Managing Merino weaners - Elders Rural Services

Managing Merino weaners

The management of ewe weaners in a self-replacing flock is the most important assignment/job on the farm as it determines the quality of the next generation.

According to Rob Inglis, senior livestock production manager at Elders Wagga Wagga, who has been involved in the livestock and sheep industry for 30 years, managing Merino weaners effectively not only maximises feed efficiency, it also has a profound effect on the lifetime reproductive performance of the ewe.

Mr Inglis is also one of a team of Lifetime Ewe Management facilitators at Elders, and says “Having been involved in more than 30 Lifetime Groups from the central tablelands of NSW to pastoral South Australia, we (the team) have noticed a common theme – ewes which had a tough time as weaners are less fertile than their contemporaries. There are particular age groups which are less productive, and these age groups can usually be aligned to a period of sub-optimal nutrition during puberty.”

Ewe weaners which achieve above industry standard growth rates during puberty have been shown to raise more lambs over their reproductive lives. Conversely, ewe weaners which fail to achieve weight for age benchmarks have henceforth been very poor performers – both in terms of wool production and reproductive rate.

Weigh weaners regularly

The key to managing Merino ewe weaners says Mr Inglis, is to weigh regularly.
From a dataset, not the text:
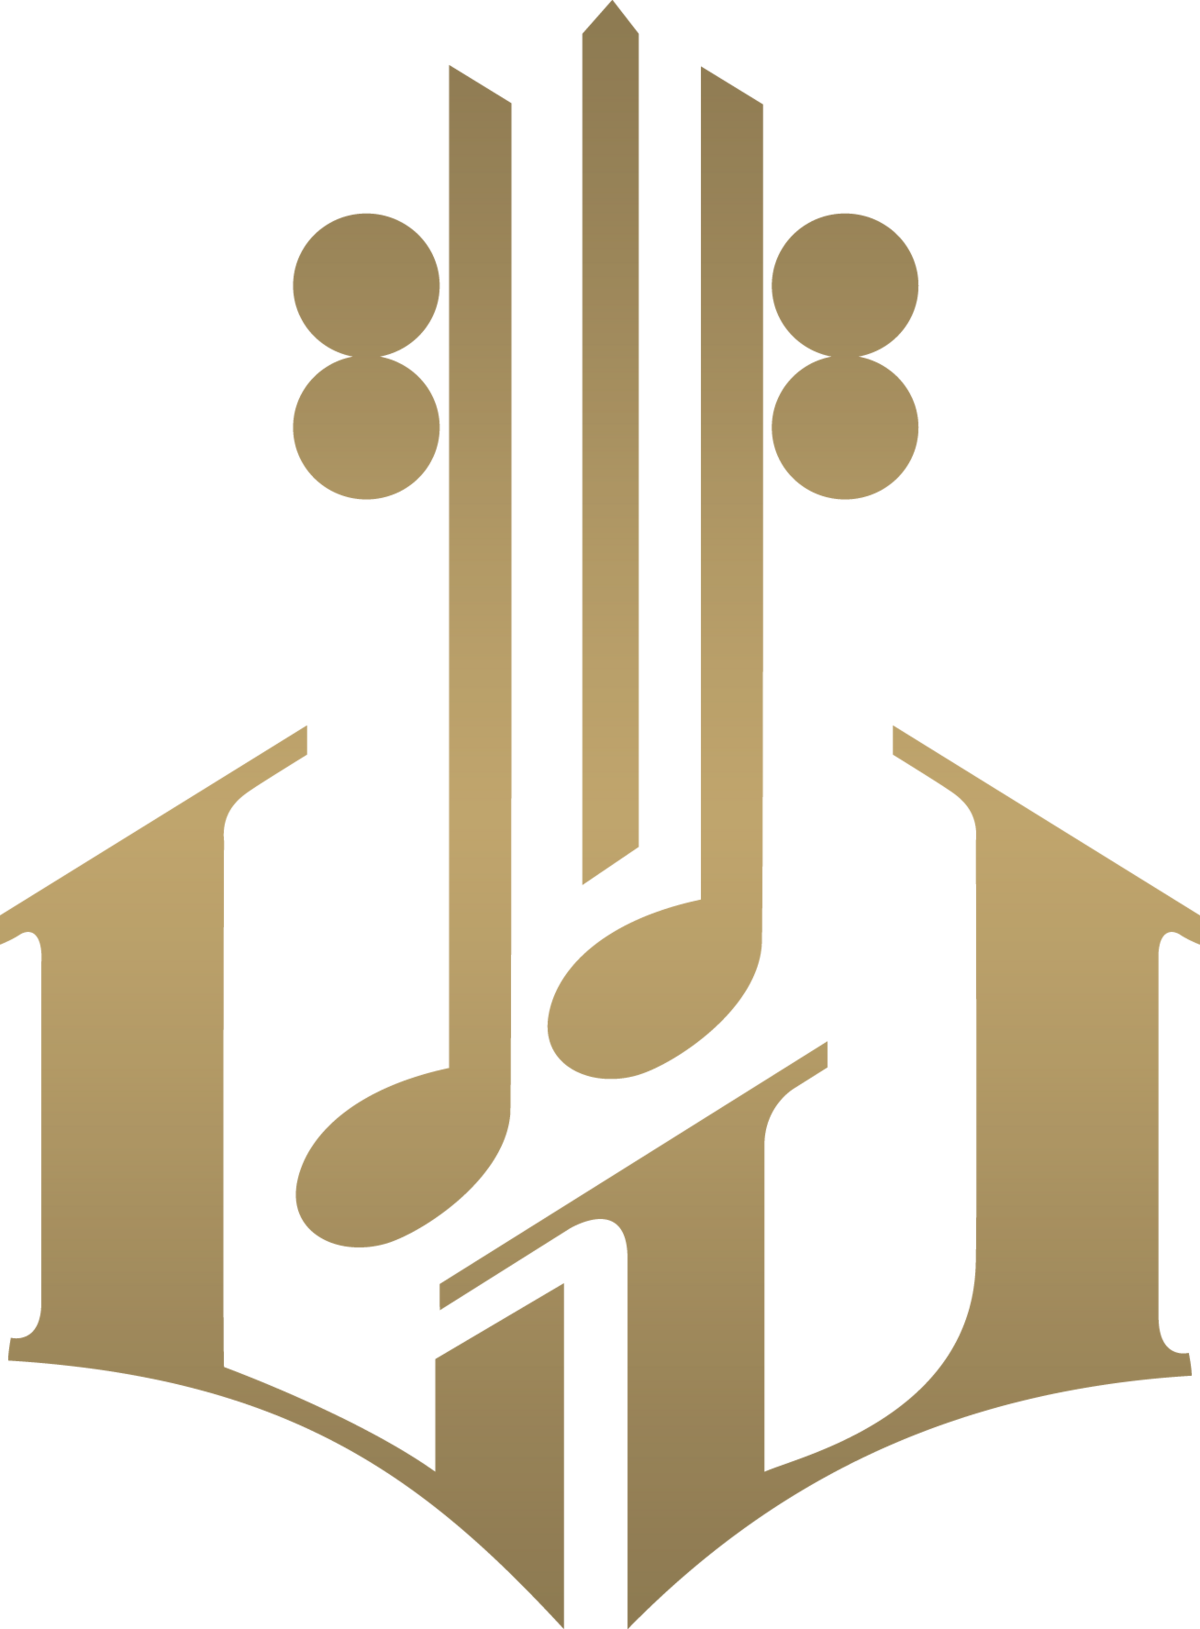 File:Louis Vuitton LV logo.png - Wikipedia

The first step in this process is to calculate the standard adult reference weight of the flock. Having made this calculation, pre-determined benchmark weaner weights can be calculated using industry standards. The graph below demonstrates this process. This graph plots the weight for age targets of weaners based on a 55kg adult standard reference weight.

Graph showing live weight for age targets for weaners.

In order to hit the aforementioned weight for age benchmarks, weaners must achieve daily growth rates ranging from 50 grams and 150 grams per day, depending on starting (weaning) weight.

Clearly ewe weaners must be managed and fed in mobs based on weight. In practical terms, this means drafting weaners at least three ways – heavy, medium and light.

The Elder Livestock Production team have the equipment and the knowledge to help producers achieve these targets. The skillful allocation of the appropriate resources to the right stock will ensure both short term profit – selling cull ewes at a higher rate – and more importantly the long-term viability of the breeding flock.